Par François Tauriac
C’est toujours une grande émotion de pénétrer un lieu chargé d’histoire. Qui plus est lorsqu’il est face au jardin des Tuileries. Et on le fait à chaque fois en pensant à la scène d’anthologie du célèbre film Paris brule t-il, quand à la libération de Paris en août 1944, Jacques Chaban Delmas vint recevoir la reddition du gouverneur militaire de Paris Von Choltitz dans le palace de la rue de Rivoli. Sans doute une des raisons pour laquelle le Meurice est magique. C’est un lieu à part. A la fois dans et hors du temps. Et dès l’accueil de l’équipe dirigée par le sympathique et efficace Frédéric Rouen, l’on sait que l’expérience sera remarquable.
La salle est splendide. Lumineuse. Elle est inspirée du Salon de la Paix du château de Versailles. Illustrée aussi par deux fresques, signées de la main du peintre Théophile Poilpot dans un esprit Commedia dell’arte. Et à l’image du Plaza Athénée, autre fief d’Alain Ducasse, elle combine le classicisme des bronzes, du cristal et des marbres, avec des éléments de décoration plus modernes. La touche Stark. Aussi, lorsqu’on on vous installe, avec le petit rien de solennité qui s’impose et qui précède souvent les grands moments, on comprend que l’expérience sera unique.
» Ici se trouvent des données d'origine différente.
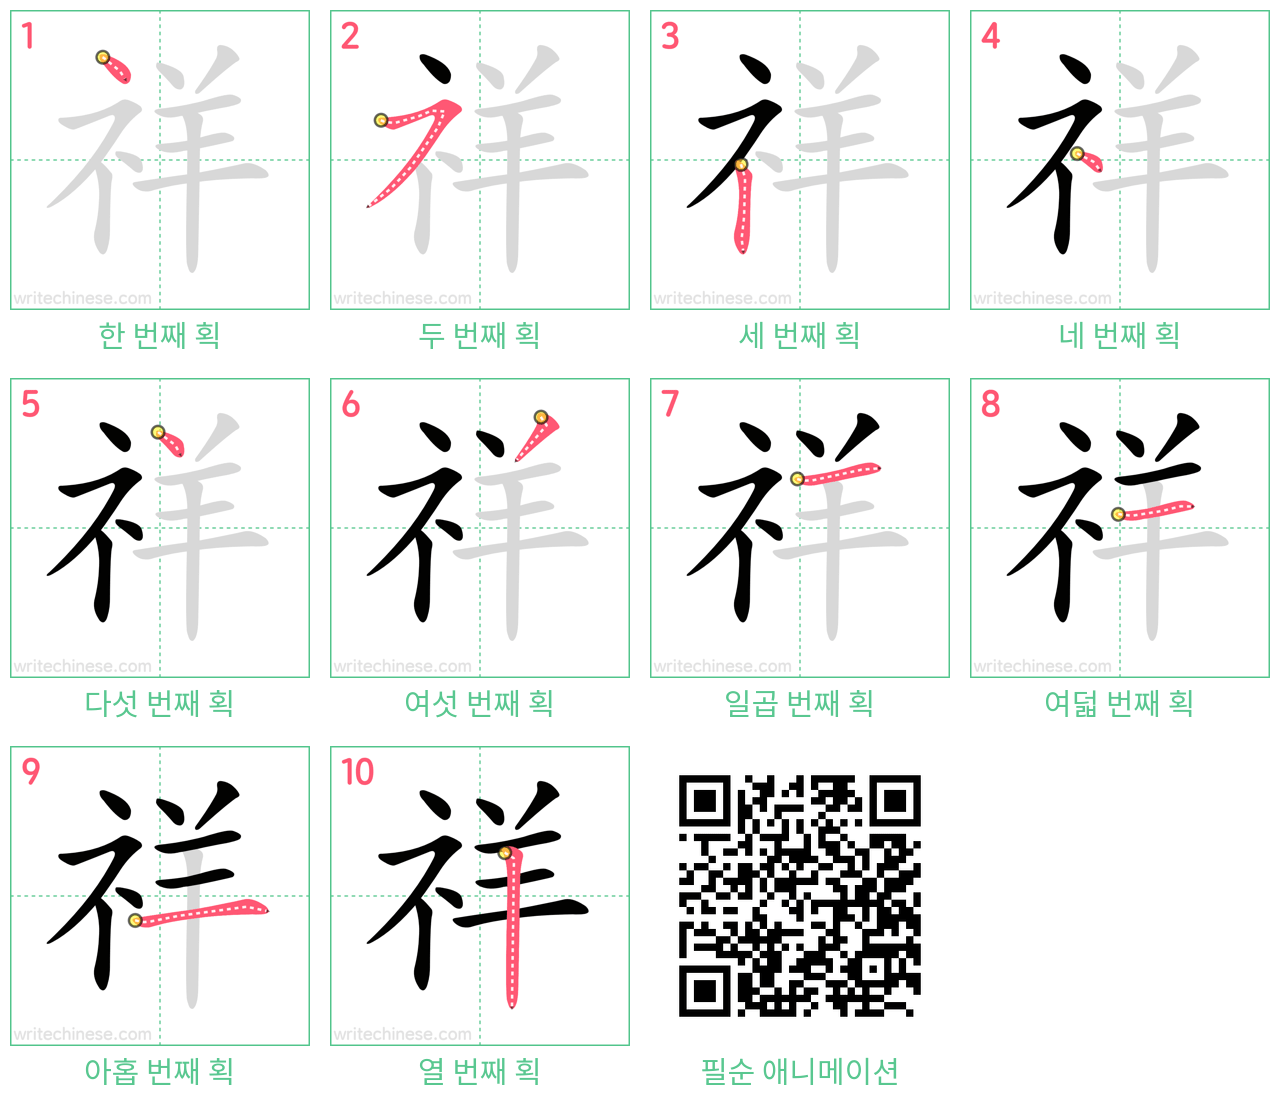 祥 step-by-step stroke order diagrams

Quelques bulles d’Orezza fraîche en bouche pour aiguiser les papilles et la farandole des saveurs peut commencer. Légumes croquants sur un lit de cristaux de sel d’Himalaya avec tapenade : potager Aldente ; Araignée de mer servie dans sa carapace avec caviar gris de la Volga et pince tronçonnée : ode à l’iode ; Homard bleu pommes de terre slicées façon pâtisserie : crustacé patate ; Collection de fromages affinés, variation sur la framboises en coulis tiède et fruits glacés posés sur un lit de biscuits fins au chocolat : on est mûrs ; Baba au rhum comme à Monte Carlo crème vanillée : gorgé et aérien. Le tout arrosé d’un verre de Pommard premier cru. Encore du fruit. Rouge bien sûr, mais aussi noir, cerise prune et un petit final boisé irrésistible.
Si notre impérieux devoir n’était pas de faire fondre toutes ces merveilles en palais, on en resterait bouche bée. C’est beau, bon, exclusif, inventif et pourtant parfaitement respectueux de l’essentiel : le produit. Jocelyn Herland, le chef du Meurice – le chef a rejoint le Taillevent courant mars 2020, ndlr -, est un révélateur, un magicien. Il fait éclore des fragrances nouvelles de saveurs qu’on croyait connaître. C’est du grand art à la française, parfaitement orchestré par le boss de l’endroit et ses musiciens. Tout est précis, souriant et jamais obséquieux. Le prix s’oublie, la qualité reste disait Audiard. Qu’il avait raison. Rien n’est jamais trop cher lorsqu’il s’agit d’une expérience unique. Mais inutile de se jeter sur le menu dégustation, fameux mais hors de prix. Contentez-vous d’une entrée et d’un plat. D’un dessert aussi peut être. Du service et des amuses bouches. Menu servi au déjeuner à 110 euros. C’est évidement bien plus que votre petit restaurant favori. Mais la saveur de ces deux ou trois plats vous marquera à jamais. Et vous ne pourrez plus jamais regarder un légume dans les yeux, sans penser au jour où vous visitâtes une des meilleures tables du monde.